Desde tiempos remotos, la humanidad ha depositado sus temores, deseos, ideales y frustraciones en relatos que han viajado de generación en generación bajo la forma de cuentos, leyendas, mitos y proverbios. Estas narraciones, lejos de ser simples entretenimientos, constituyen verdaderos archivos del alma colectiva, donde el inconsciente individual se entrelaza con el inconsciente social. Como afirmó Erich Fromm, “la felicidad es una palabra que enorgullece a todo nuestro patrimonio cultural”, y es precisamente en estos relatos donde esa búsqueda, junto con sus sombras, se manifiesta simbólicamente. Aquí se propone una aproximación al universo simbólico de los cuentos populares a partir del psicoanálisis, para explorar cómo estas formas narrativas se inscriben en el vasto campo del patrimonio intangible y configuran identidades, memorias y formas de vida.
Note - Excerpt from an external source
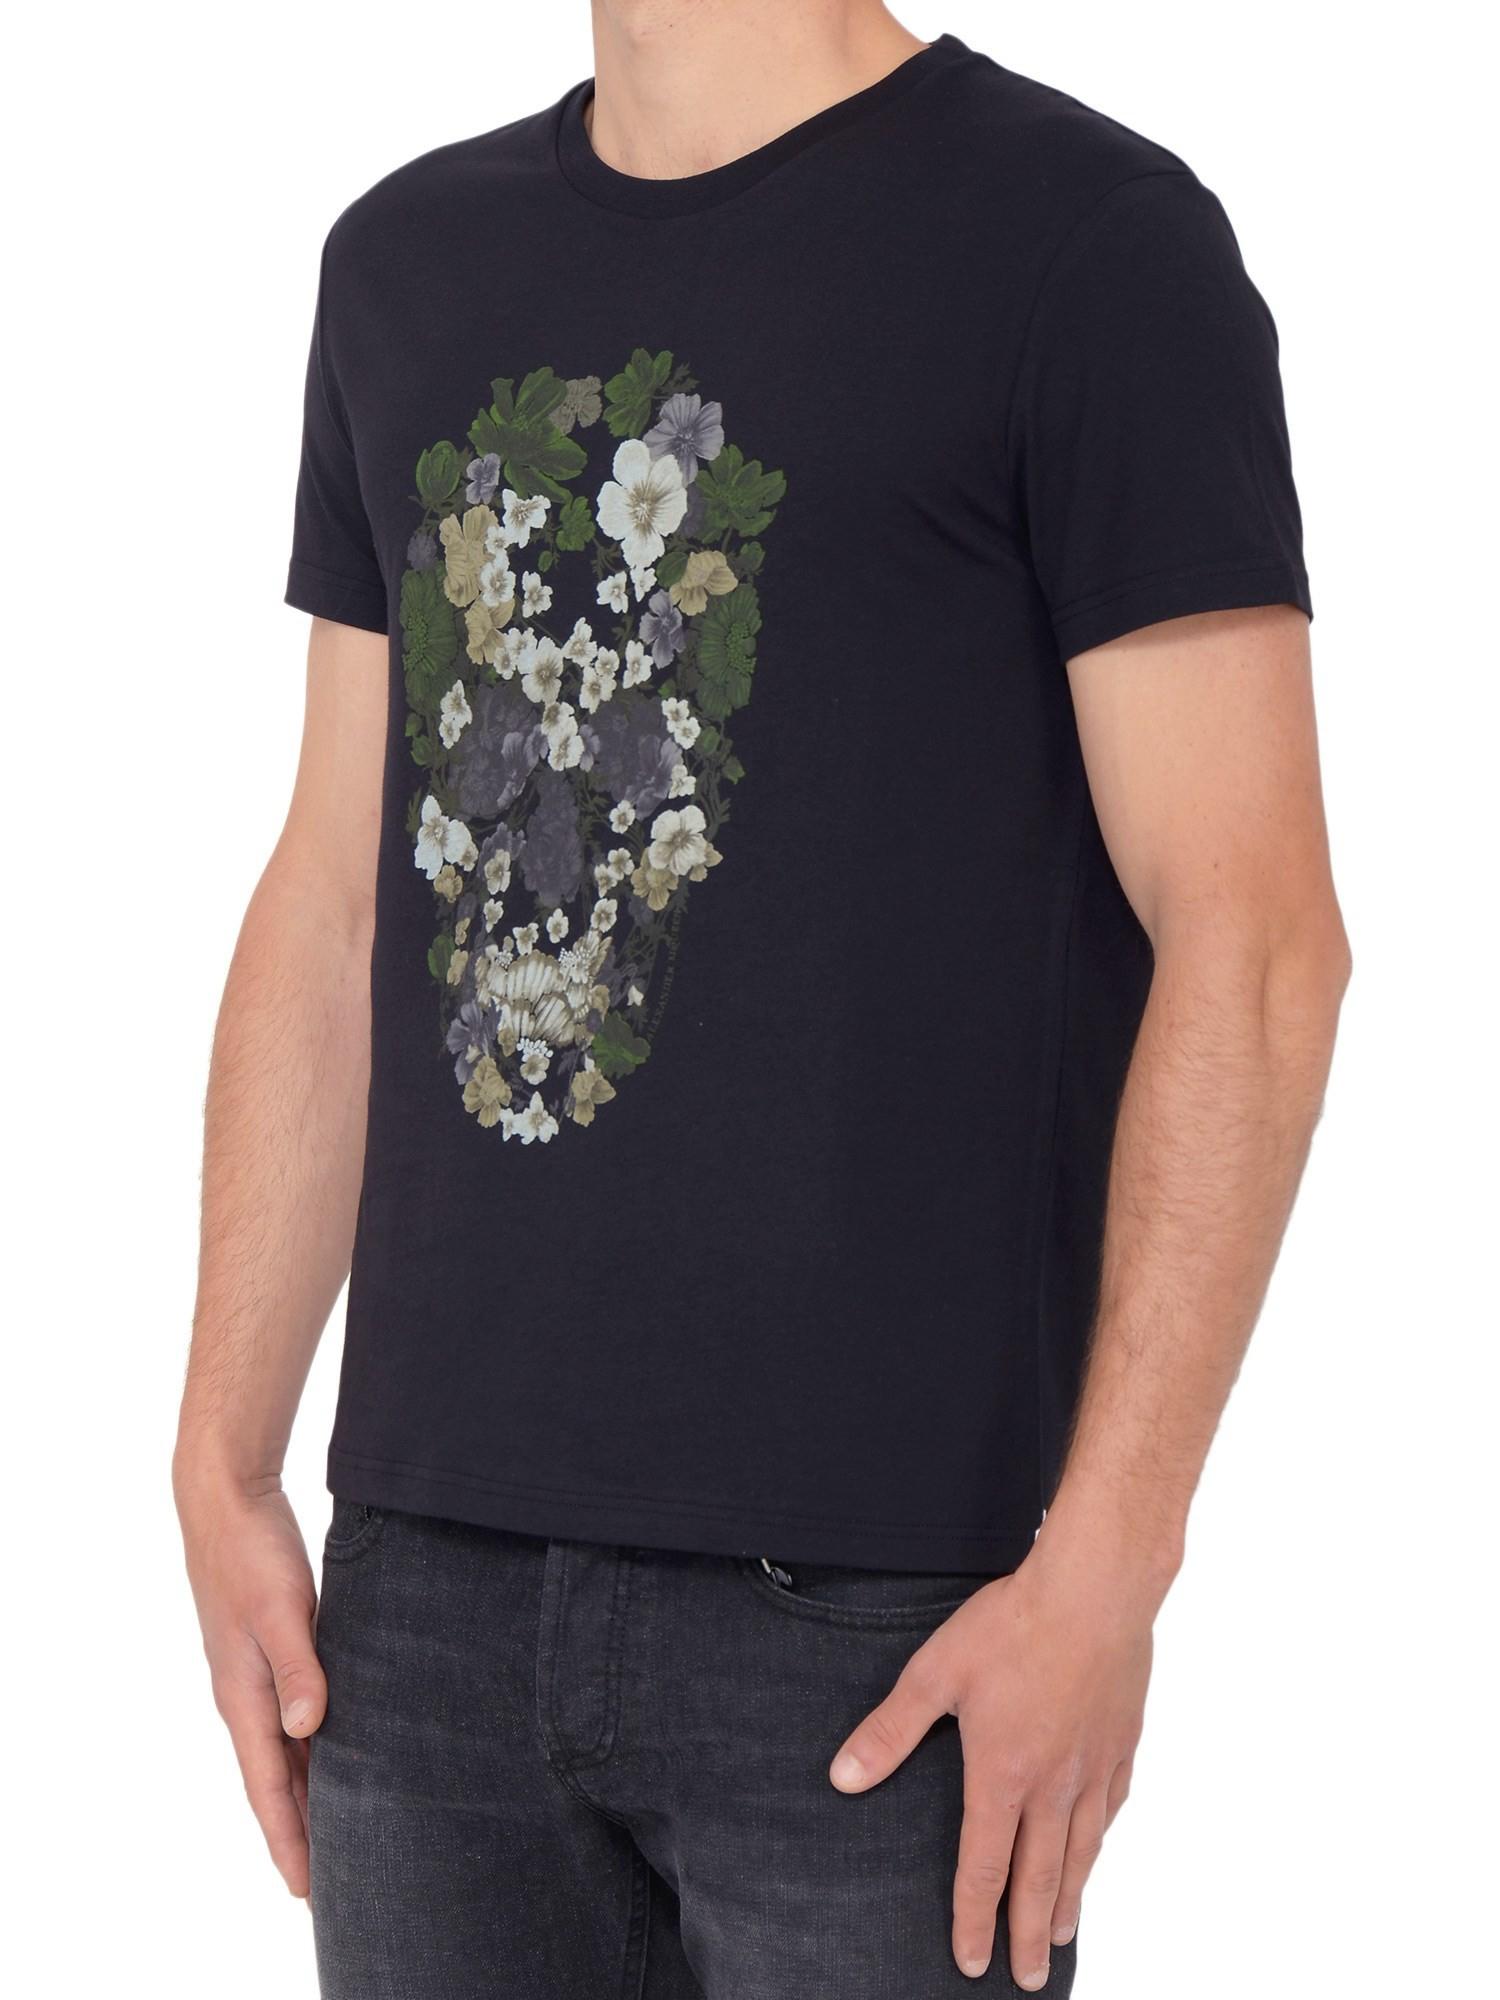 Alexander mcqueen skull print t shirt in black for men for Alexander mcqueen shirt men

El psicoanálisis, desde sus inicios, ha mostrado una singular sensibilidad hacia la estructura simbólica del relato. Freud ya encontraba en los sueños una arquitectura narrativa comparable a los mitos; más adelante, pensadores como Jung, Lacan y Zizek desarrollaron nuevas formas de lectura de lo simbólico, reconociendo en los cuentos tradicionales un territorio fértil para explorar los arquetipos del inconsciente. Lejos de ser meras ficciones ingenuas, los cuentos populares operan como metáforas sucintas del conflicto humano, configurando escenarios en los que la subjetividad puede elaborar —de forma indirecta, pero poderosa— sus experiencias más complejas. En diálogo con disciplinas como la antropología y la historia, el psicoanálisis se convierte también en una vía para comprender las llamadas culturas vivas y el patrimonio intangible, al revelar cómo estas narraciones reflejan, transforman y transmiten modos de vida, creencias y memorias colectivas.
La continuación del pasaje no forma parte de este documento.